◆ What this task involves
For each line below, check for the word "NMIC", then state how many lines contain it, with no other output.

[Collected data entries]
+-------+
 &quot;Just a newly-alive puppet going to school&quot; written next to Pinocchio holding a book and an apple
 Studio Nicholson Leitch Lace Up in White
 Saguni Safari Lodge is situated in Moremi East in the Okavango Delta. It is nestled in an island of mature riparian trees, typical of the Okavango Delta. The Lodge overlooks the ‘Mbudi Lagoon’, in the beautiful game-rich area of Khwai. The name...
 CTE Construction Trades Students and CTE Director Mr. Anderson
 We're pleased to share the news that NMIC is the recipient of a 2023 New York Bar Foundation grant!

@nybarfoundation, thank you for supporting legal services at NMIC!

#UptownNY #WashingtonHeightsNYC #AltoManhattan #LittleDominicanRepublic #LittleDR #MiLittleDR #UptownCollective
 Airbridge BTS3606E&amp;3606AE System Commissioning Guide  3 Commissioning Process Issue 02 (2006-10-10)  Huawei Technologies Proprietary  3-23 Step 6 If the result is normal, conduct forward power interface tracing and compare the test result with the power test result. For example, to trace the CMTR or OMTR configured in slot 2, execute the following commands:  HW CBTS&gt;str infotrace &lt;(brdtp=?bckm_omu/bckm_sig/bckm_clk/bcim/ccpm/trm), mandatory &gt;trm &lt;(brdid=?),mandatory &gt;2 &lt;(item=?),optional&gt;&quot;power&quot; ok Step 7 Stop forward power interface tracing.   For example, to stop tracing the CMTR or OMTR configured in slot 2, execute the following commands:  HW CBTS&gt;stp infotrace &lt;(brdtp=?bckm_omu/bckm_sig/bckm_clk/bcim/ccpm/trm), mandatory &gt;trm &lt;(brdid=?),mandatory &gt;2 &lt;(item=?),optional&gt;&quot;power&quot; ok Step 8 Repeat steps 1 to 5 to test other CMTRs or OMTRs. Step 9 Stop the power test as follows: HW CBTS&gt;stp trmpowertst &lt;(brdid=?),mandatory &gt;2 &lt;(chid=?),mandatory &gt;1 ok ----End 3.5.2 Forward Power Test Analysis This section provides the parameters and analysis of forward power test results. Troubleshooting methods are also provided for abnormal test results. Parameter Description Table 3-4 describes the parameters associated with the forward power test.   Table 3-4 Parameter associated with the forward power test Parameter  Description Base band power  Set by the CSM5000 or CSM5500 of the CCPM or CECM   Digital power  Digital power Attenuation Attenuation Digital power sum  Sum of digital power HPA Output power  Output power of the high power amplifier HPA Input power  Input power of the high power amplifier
+-------+
◆ Solution to this exercise
2